* **Exercise brief**: Copy out the listing in full, exactly as written, but not its pictures.

* **Information shown**:

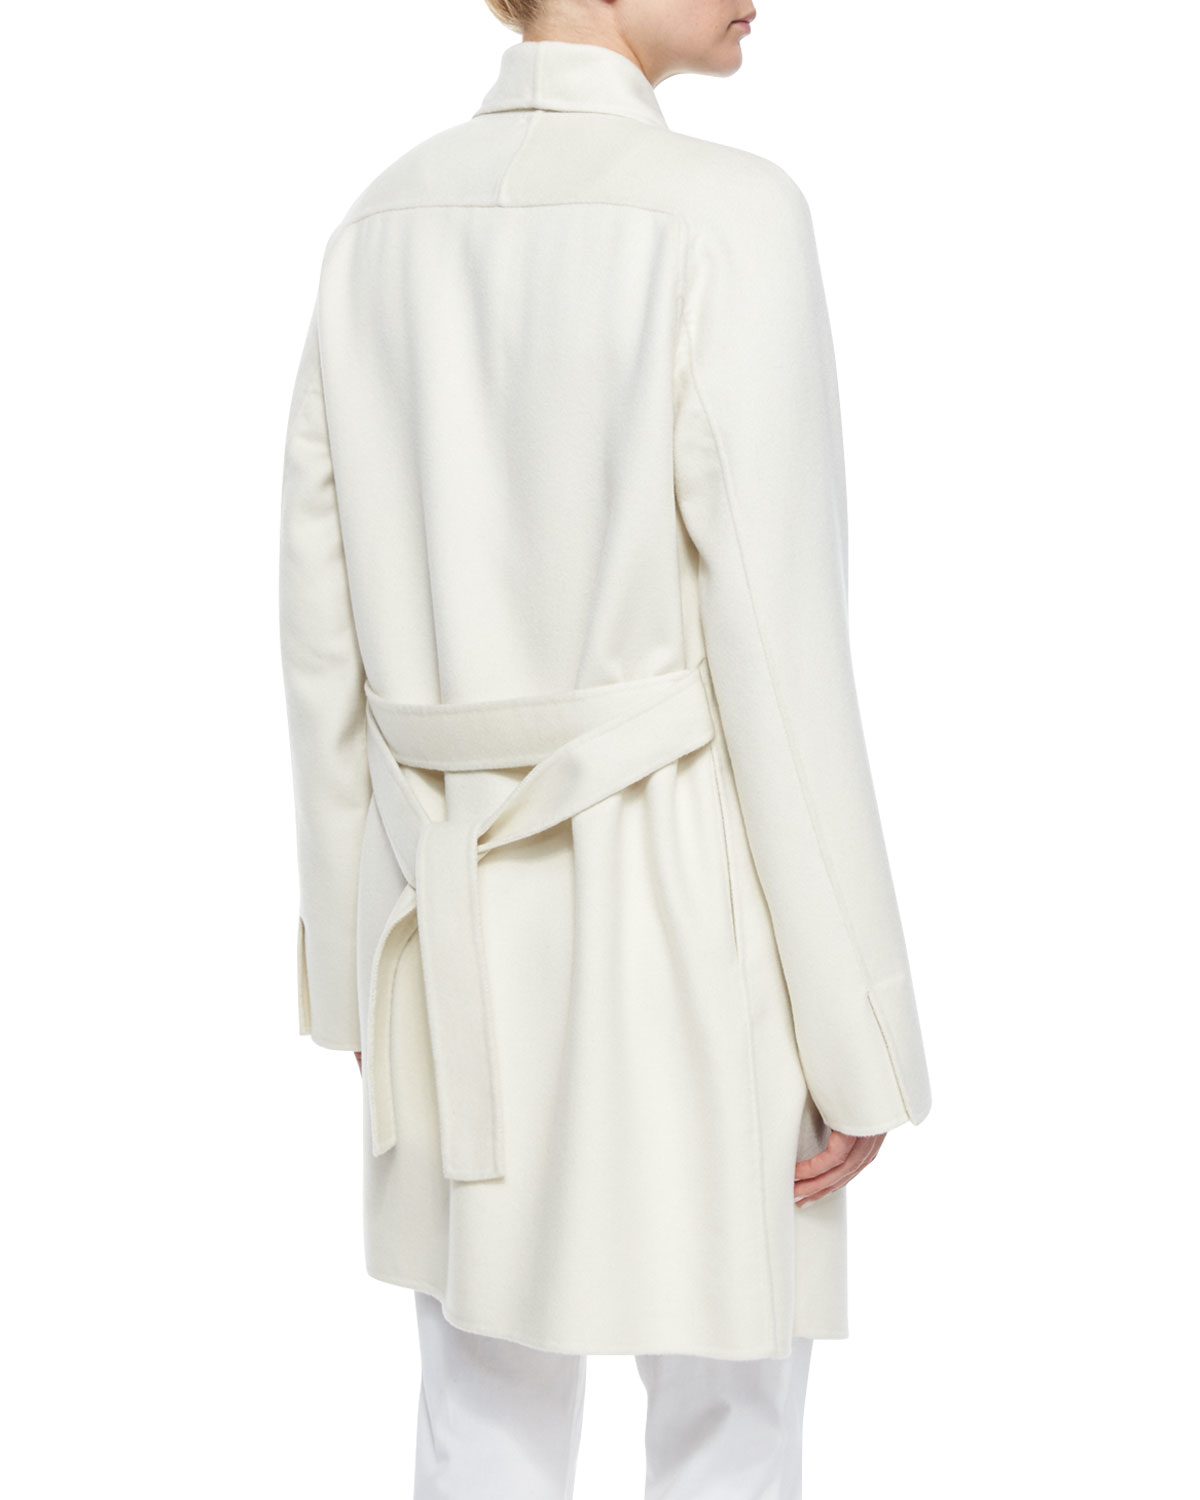 Neiman marcus Cashmere Double-face Wrap Coat in White | Lyst
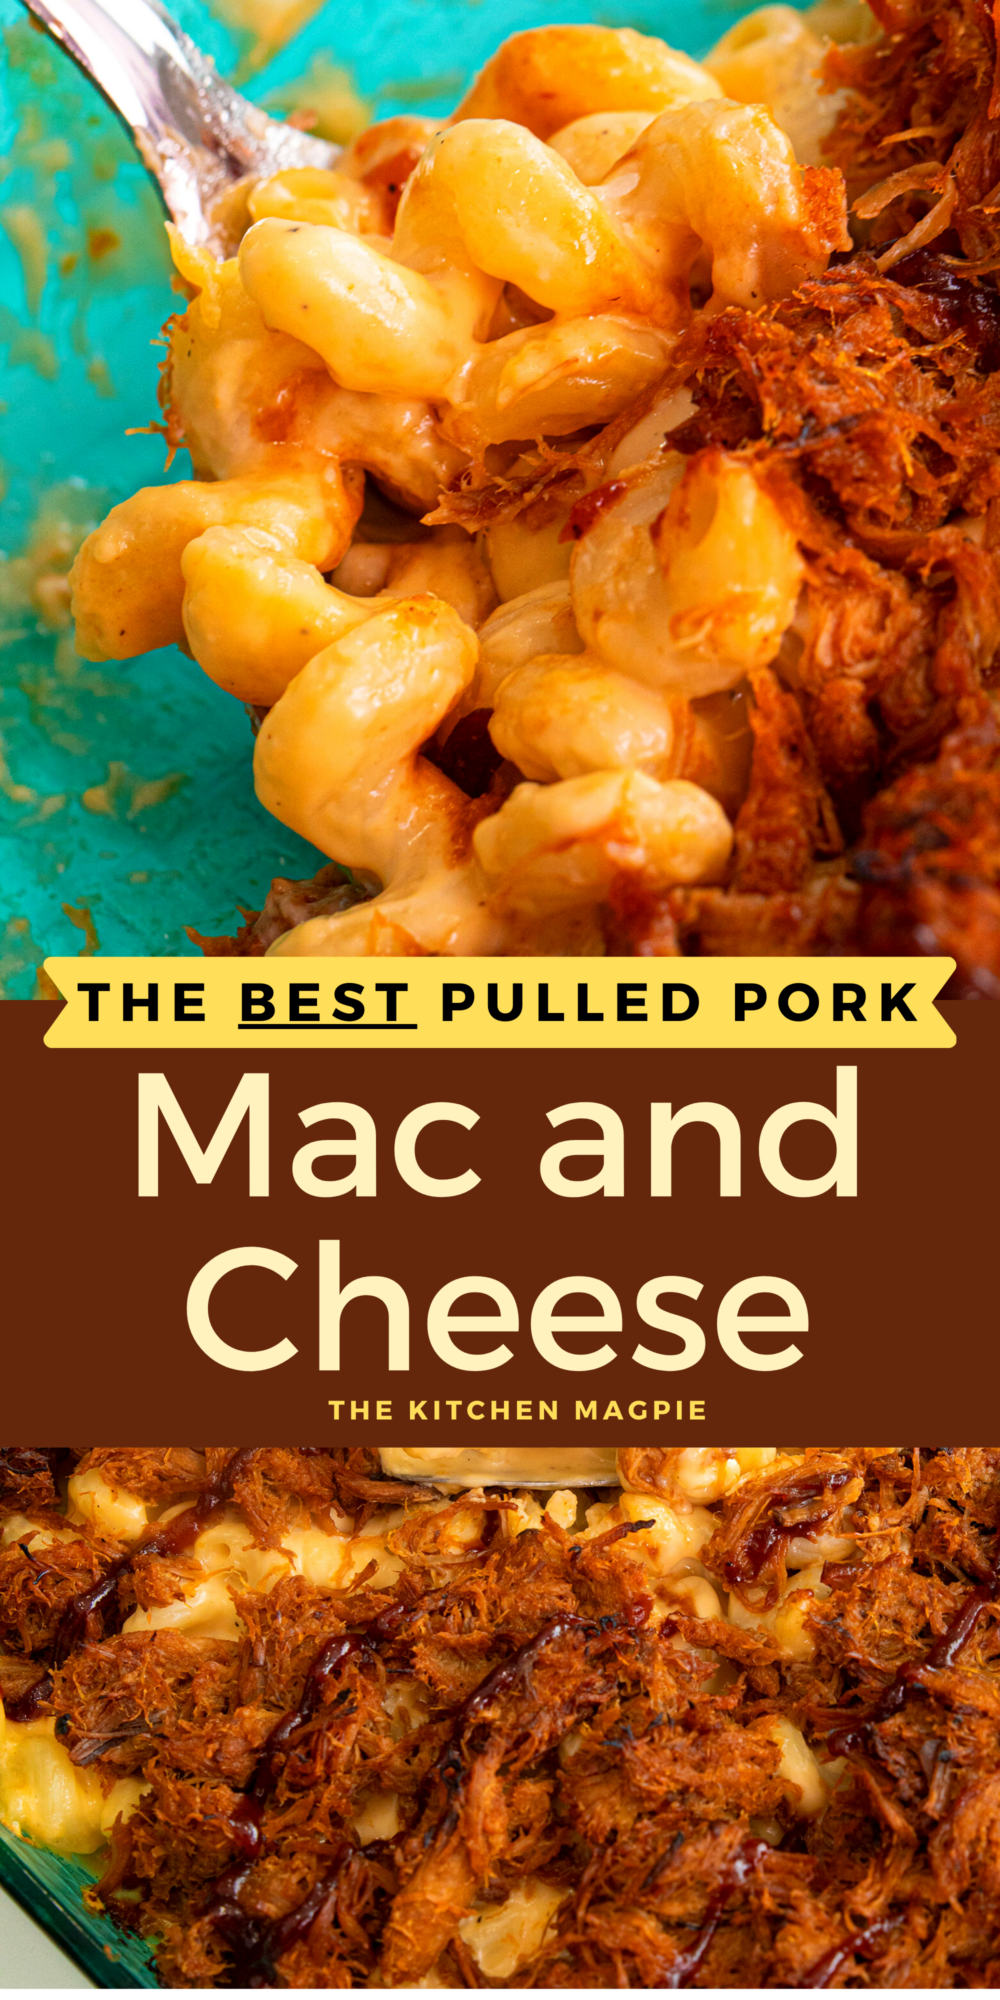 Decadent homemade mac and cheese topped with BBQ-flavored pulled pork, then baked to hot cheesy perfection! Great for leftover pulled pork!
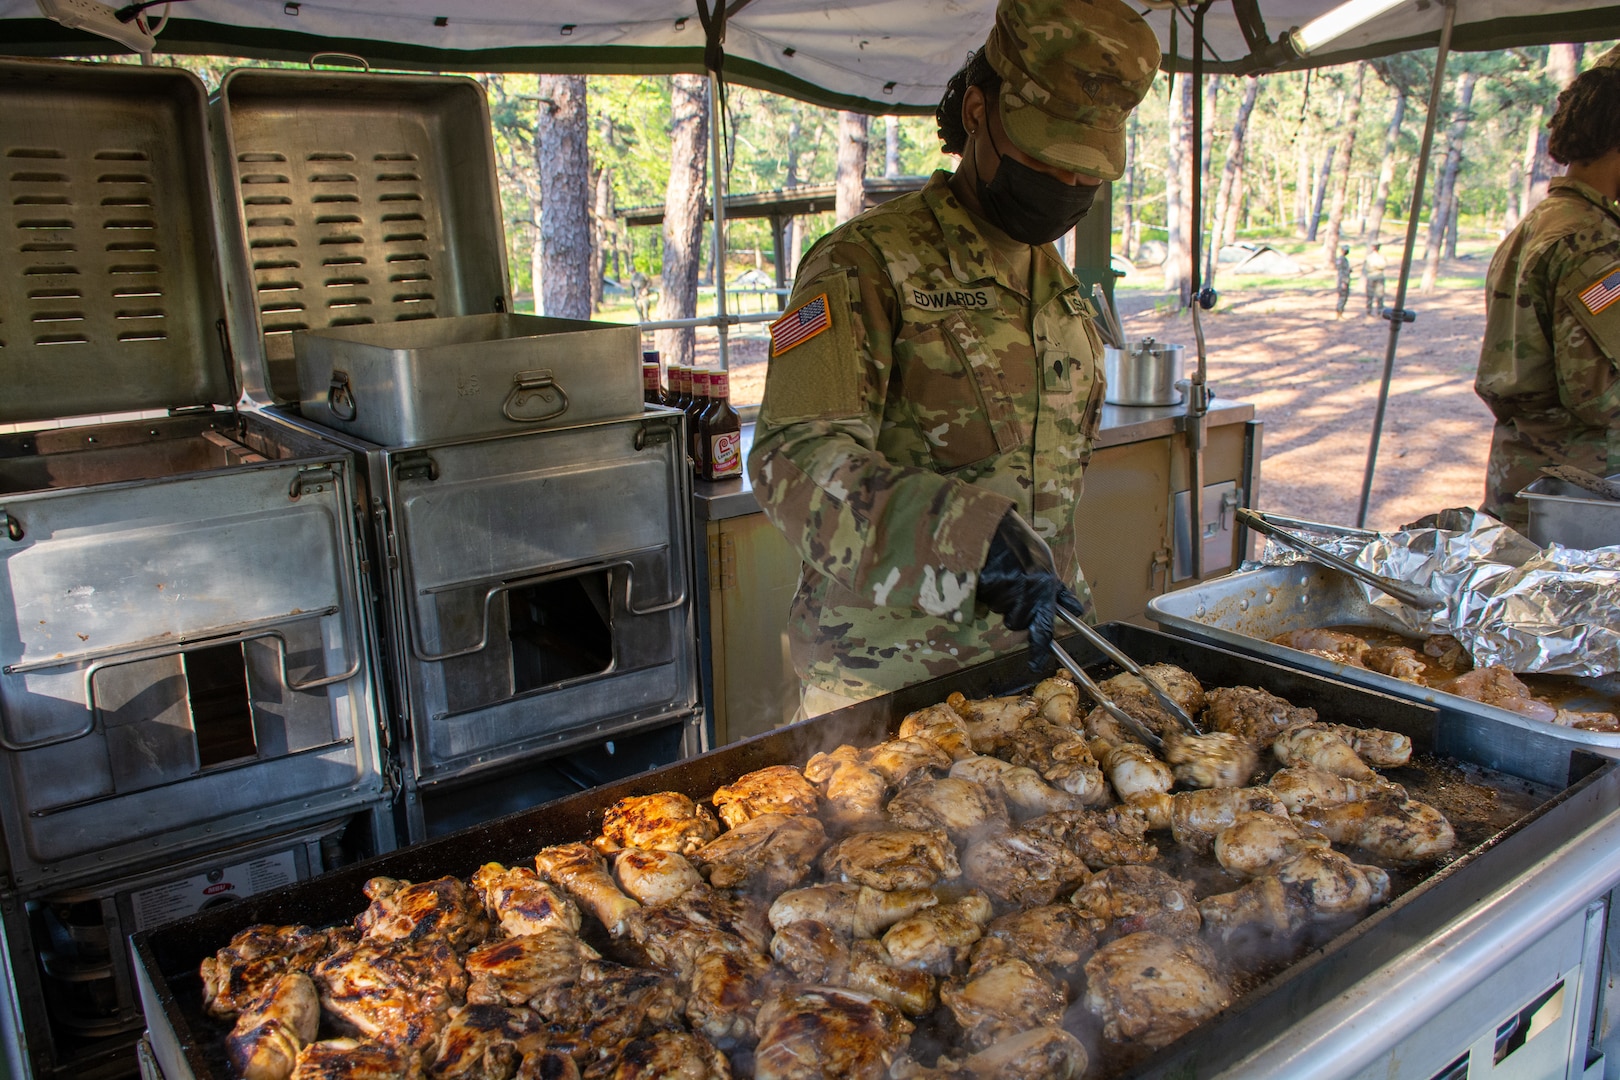 New York Army National Guard Spc. Fatima S. Edwards, assigned to Headquarters and Headquarters Company, 101st Expeditionary Signal Battalion, cooks chicken during training for the next Philip A. Connelly Competition at Joint Base McGuire-Dix-Lakehurst, N.J., May 15, 2021. The competition provides recognition for excellence in the preparation and serving of food in Army troop dining facilities and field kitchens.

* **Answer**:
 Neiman marcus Cashmere Double-face Wrap Coat in White | Lyst
 Decadent homemade mac and cheese topped with BBQ-flavored pulled pork, then baked to hot cheesy perfection! Great for leftover pulled pork!
 New York Army National Guard Spc. Fatima S. Edwards, assigned to Headquarters and Headquarters Company, 101st Expeditionary Signal Battalion, cooks chicken during training for the next Philip A. Connelly Competition at Joint Base McGuire-Dix-Lakehurst, N.J., May 15, 2021. The competition provides recognition for excellence in the preparation and serving of food in Army troop dining facilities and field kitchens.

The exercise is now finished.